Ia menekankan bahwa pendidikan seksual harus dimulai sejak anak mulai bertanya.
Bukan dengan memberikan semua informasi sekaligus, tapi dengan penjelasan bertahap sesuai usia.
Contohnya, jika anak bertanya mengapa tidak boleh menonton film dewasa, orang tua sebaiknya memberi jawaban jujur namun tepat:
“Katakan saja, kamu belum cukup umur. Nanti ada saatnya ketika kamu sudah dewasa. Sama seperti menyetir mobil, kamu harus punya SIM dulu.”
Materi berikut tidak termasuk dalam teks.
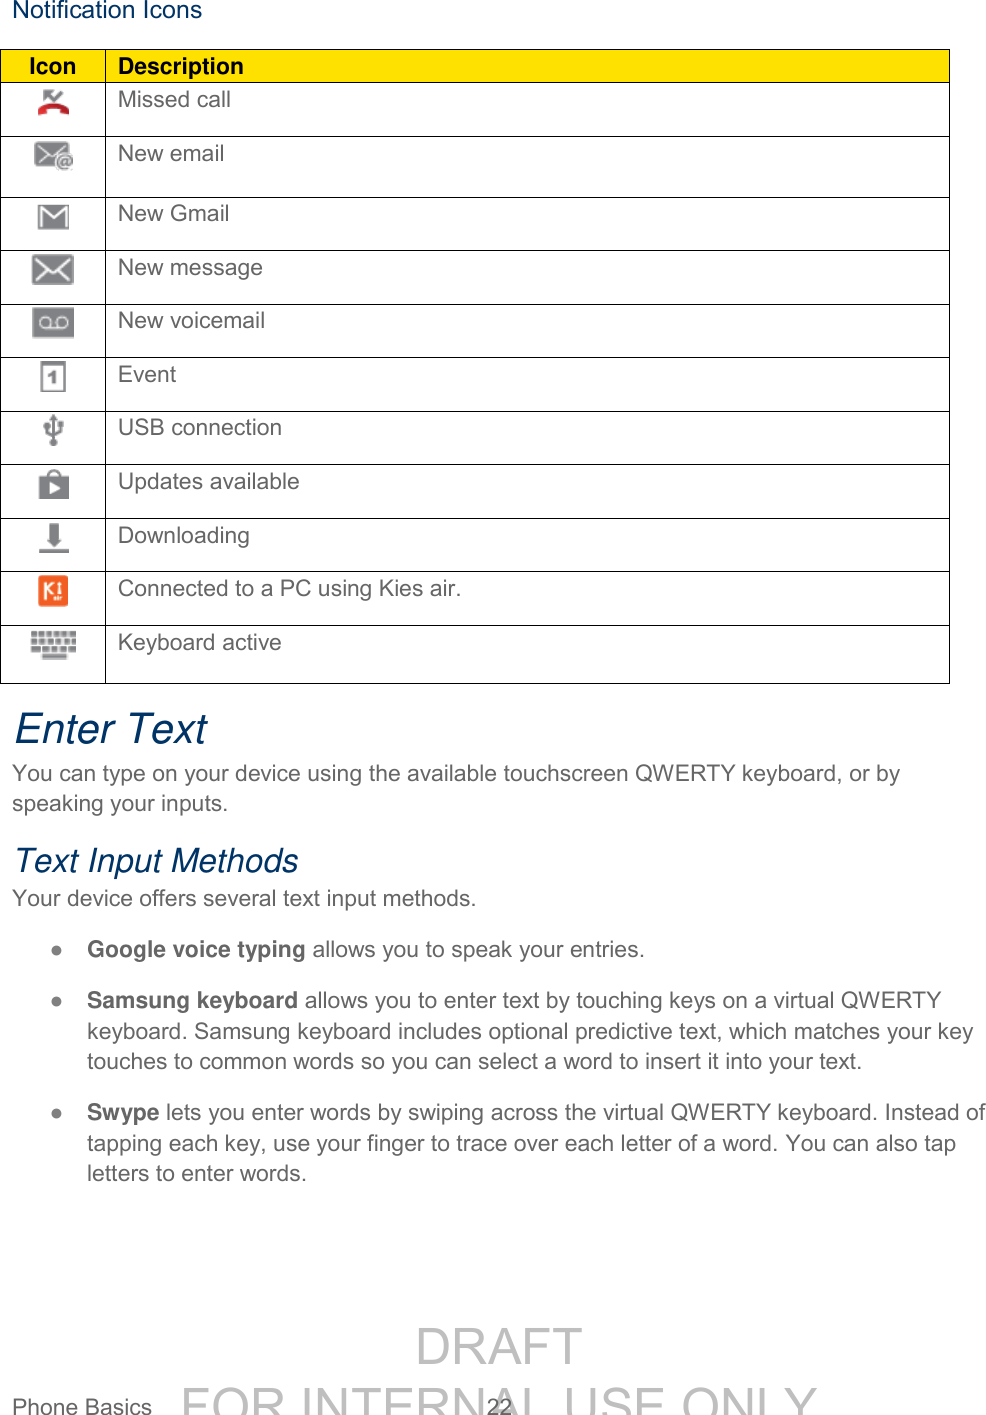 DRAFT FOR INTERNAL USE ONLYPhone Basics  22   Notification Icons Icon Description  Missed call  New email   New Gmail   New message  New voicemail  Event  USB connection  Updates available  Downloading    Connected to a PC using Kies air.  Keyboard active Enter Text You can type on your device using the available touchscreen QWERTY keyboard, or by speaking your inputs. Text Input Methods Your device offers several text input methods. ● Google voice typing allows you to speak your entries. ● Samsung keyboard allows you to enter text by touching keys on a virtual QWERTY keyboard. Samsung keyboard includes optional predictive text, which matches your key touches to common words so you can select a word to insert it into your text. ● Swype lets you enter words by swiping across the virtual QWERTY keyboard. Instead of tapping each key, use your finger to trace over each letter of a word. You can also tap letters to enter words.

Ia juga mengingatkan bahwa anak-anak bisa terpapar risiko hanya karena hal kecil, seperti memakai name tag di sekolah.
Banyak kasus terjadi karena orang asing memanggil nama anak dan berpura-pura mengenal mereka, padahal hanya membaca dari name tag.
Pendidikan seksual bukan sekadar bicara soal seks, tetapi tentang menghargai tubuh sendiri, menjaga diri, dan mencegah kekerasan seksual.
Orang tua dan pendidik diimbau untuk tidak tabu membahasnya, karena justru diam bisa berbahaya.